Data extract:
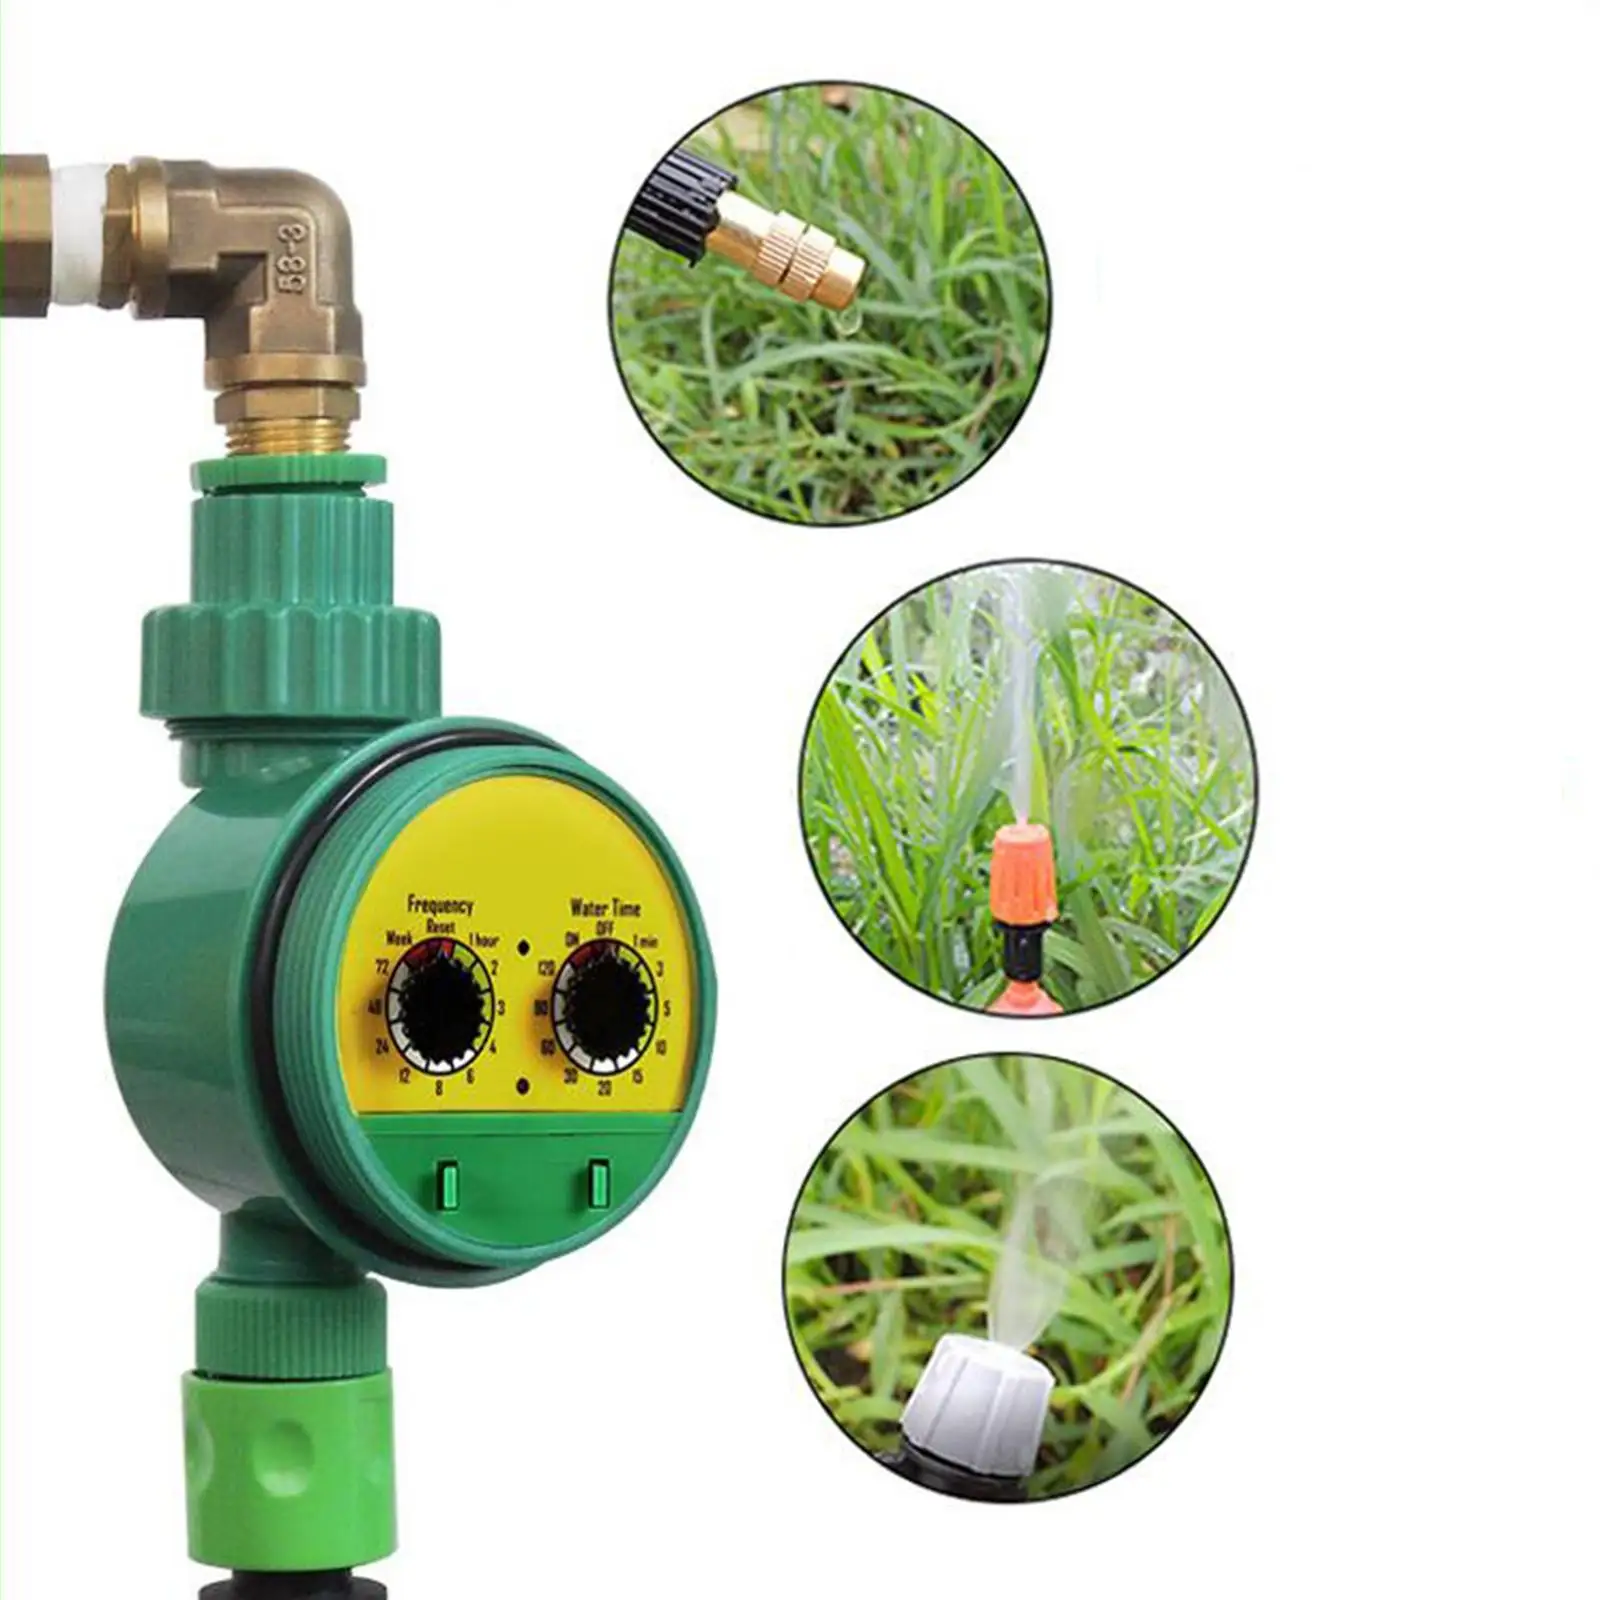 Watering Timer with LCD Display Irrigation System Intelligence Valve Waterproof Automatic Device Watering Control for Outdoor
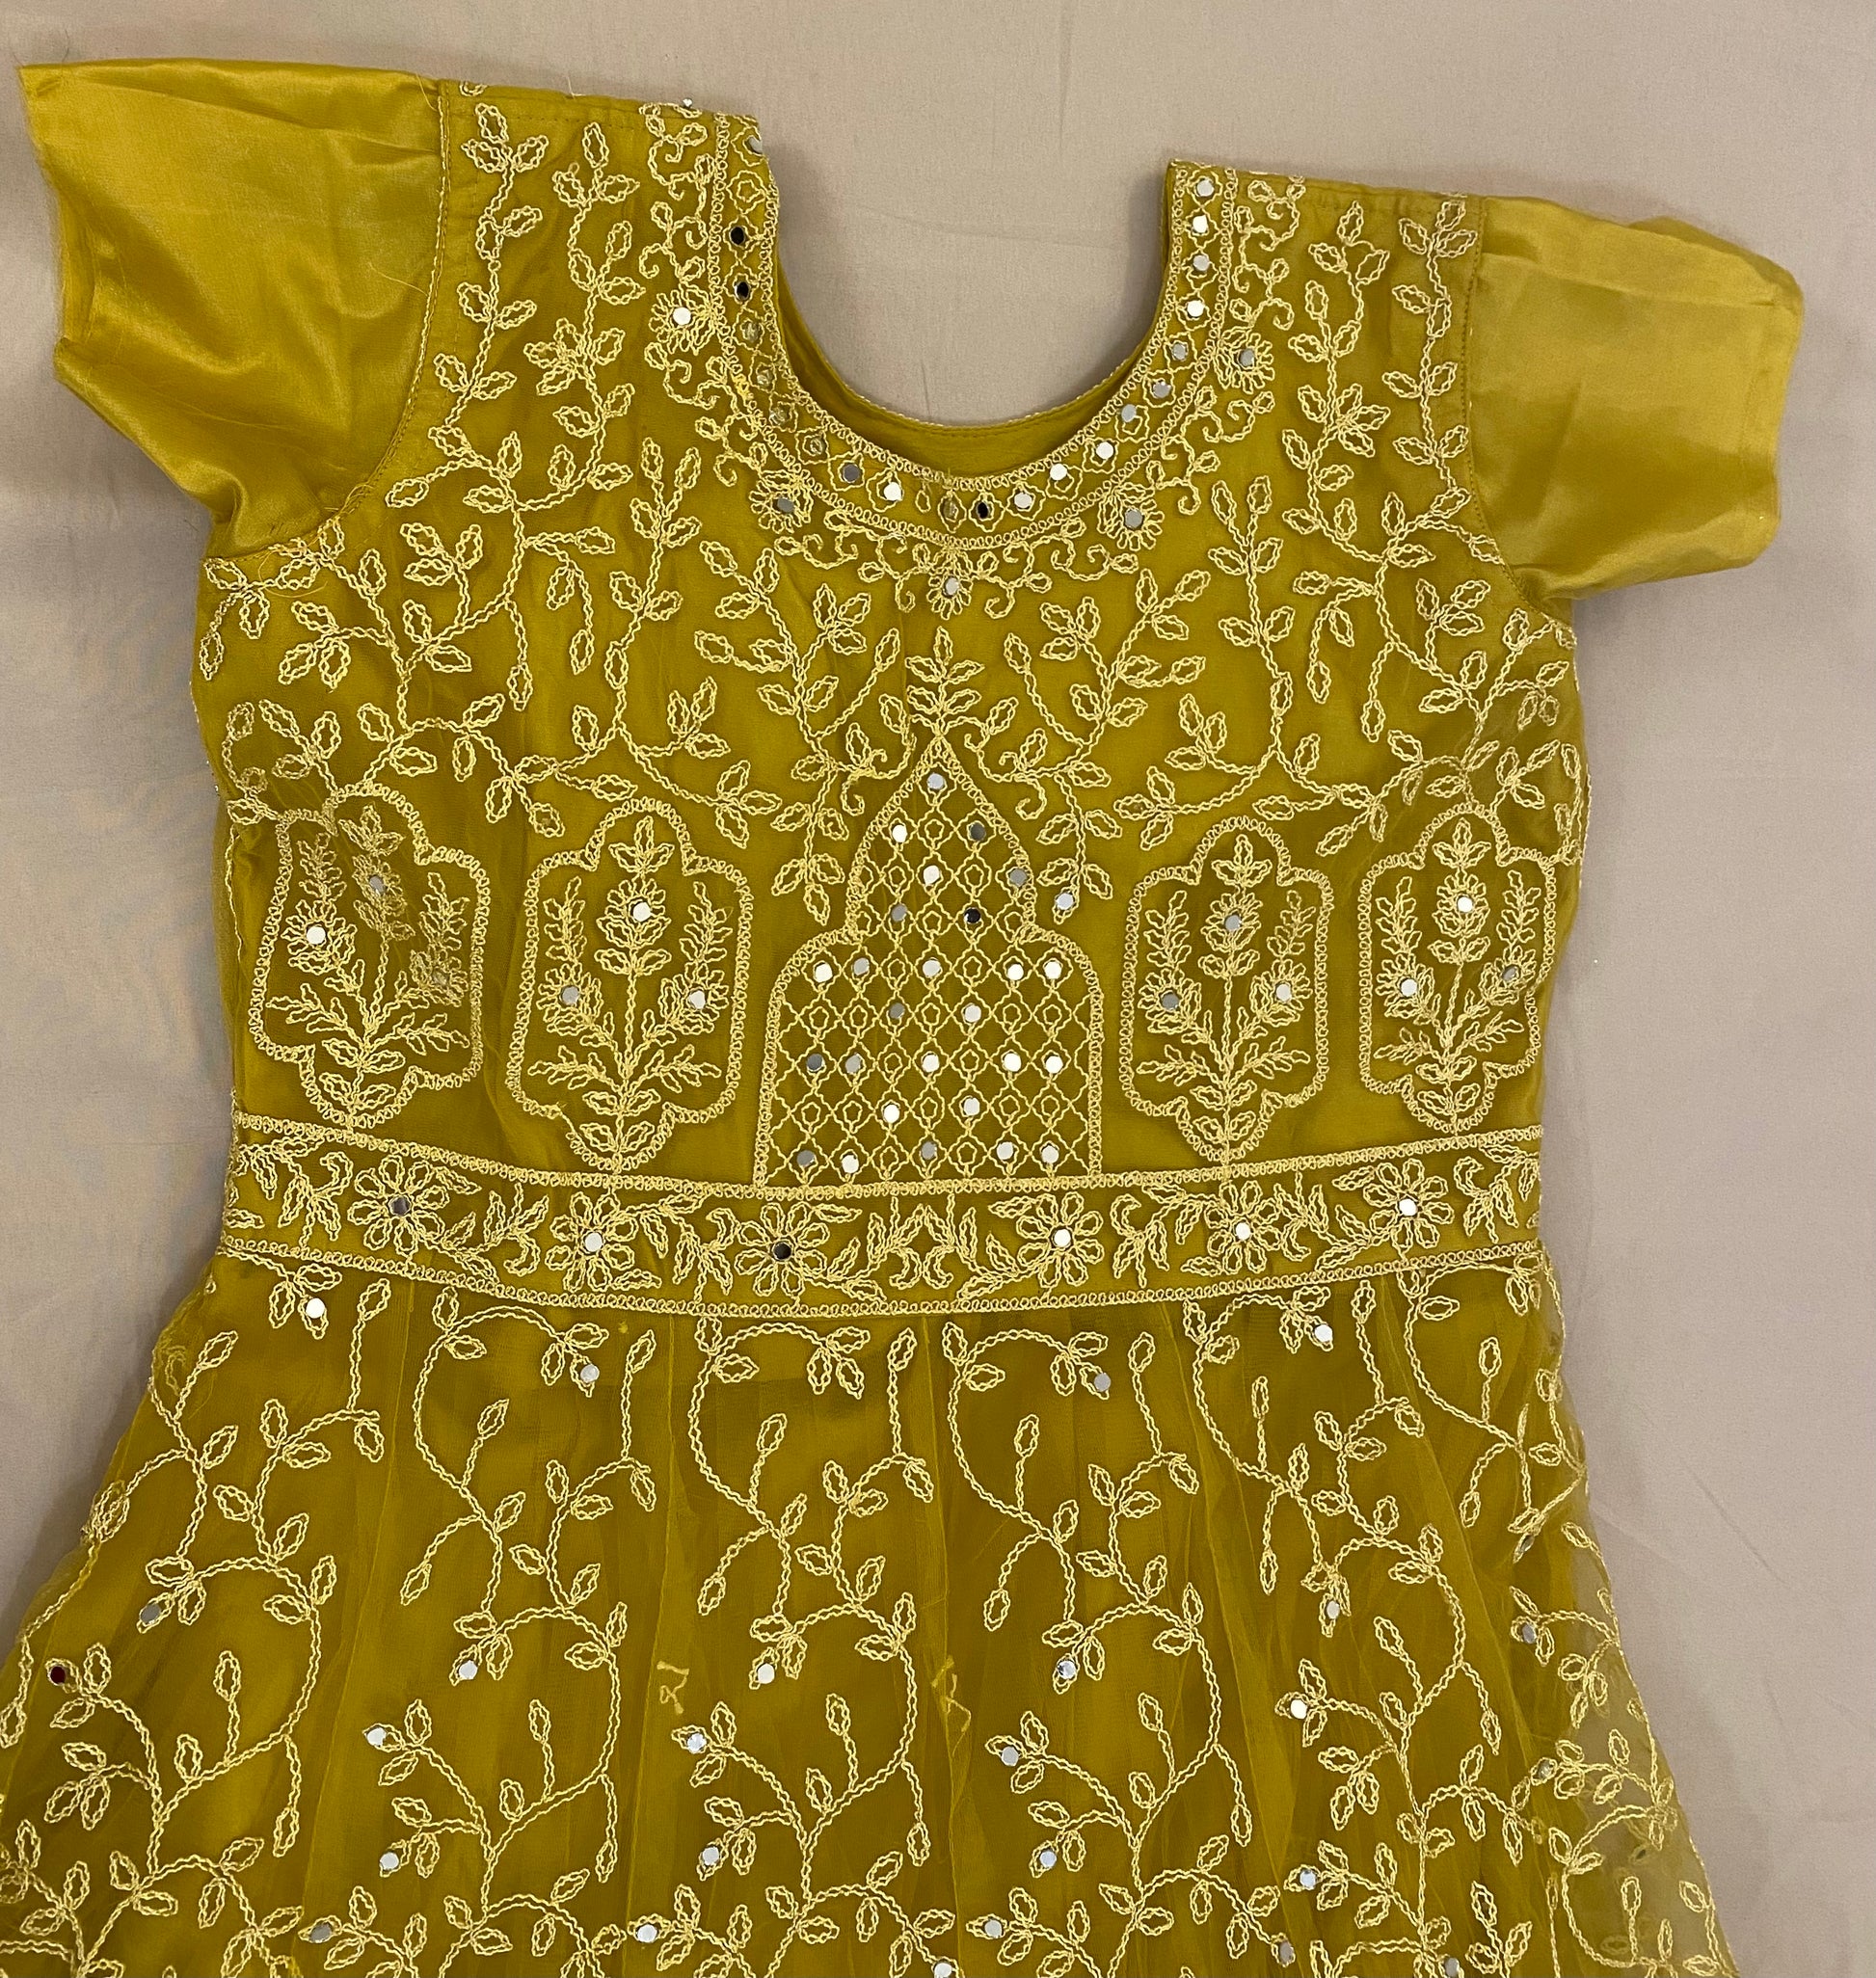 Traditional Indian Kurtis in Williams
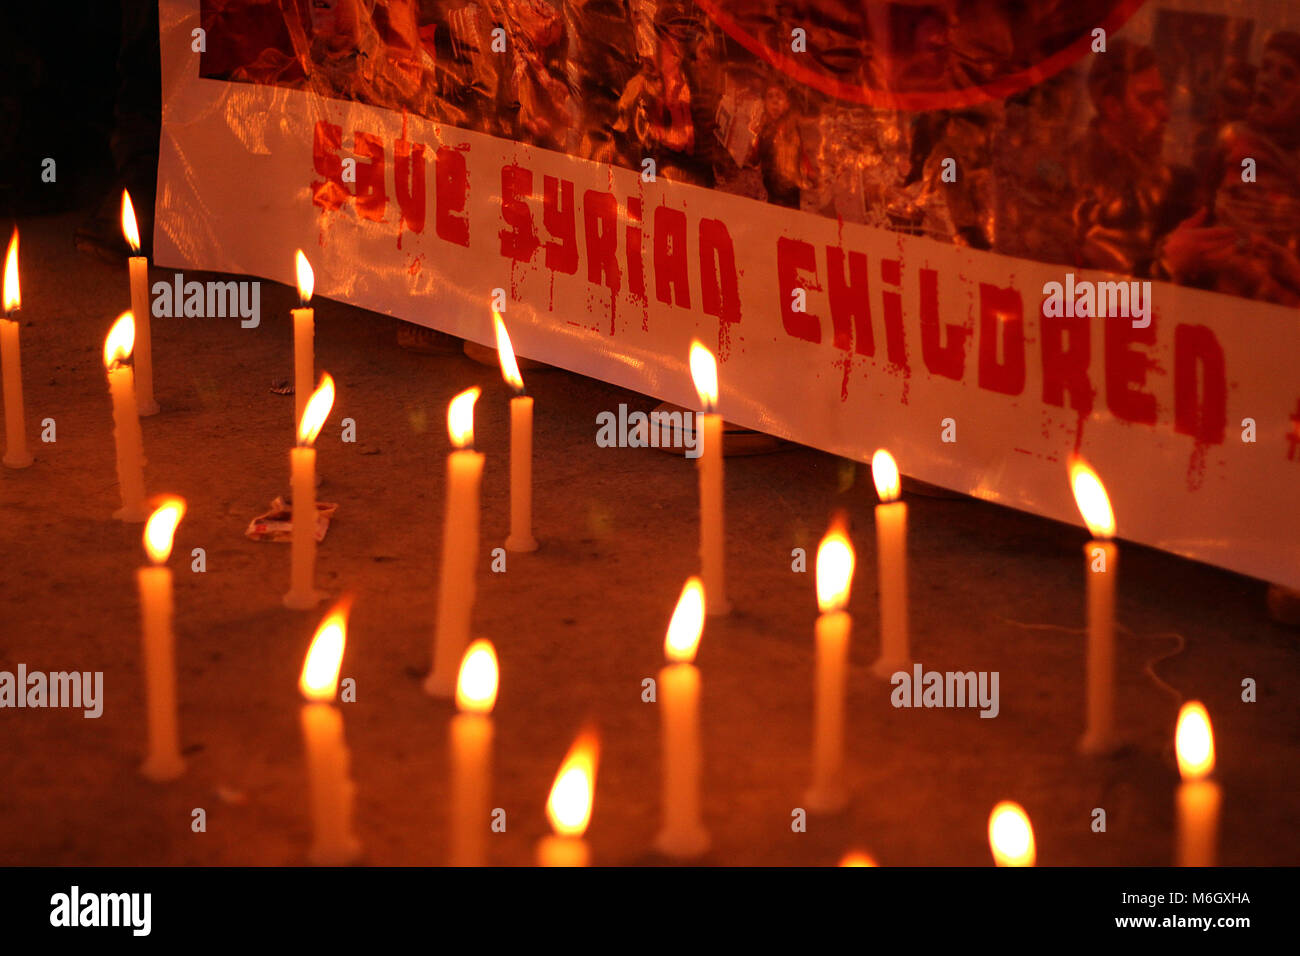 Srinagar, Jammu and Kashmir, India. 4th Mar, 2018. Candles are lit as people take part in candle-light vigil for Syrian children in Srinagar the summer capital of Indian administered Kashmir.More than 600 people have been killed including children and women after attacks in past two weeks in Ghouta, as Syrian government led by president Bashar-Al-Assad and Russian forces continued their aerial bombardment in Eastern part of Ghouta in Syria. Credit: Faisal Khan/ZUMA Wire/Alamy Live News Stock Photo

About this task: Nothing but the pictures is to be left out; the rest of the listing should be copied exactly.

Finished task:
 Watering Timer with LCD Display Irrigation System Intelligence Valve Waterproof Automatic Device Watering Control for Outdoor
 Traditional Indian Kurtis in Williams
 Srinagar, Jammu and Kashmir, India. 4th Mar, 2018. Candles are lit as people take part in candle-light vigil for Syrian children in Srinagar the summer capital of Indian administered Kashmir.More than 600 people have been killed including children and women after attacks in past two weeks in Ghouta, as Syrian government led by president Bashar-Al-Assad and Russian forces continued their aerial bombardment in Eastern part of Ghouta in Syria. Credit: Faisal Khan/ZUMA Wire/Alamy Live News Stock Photo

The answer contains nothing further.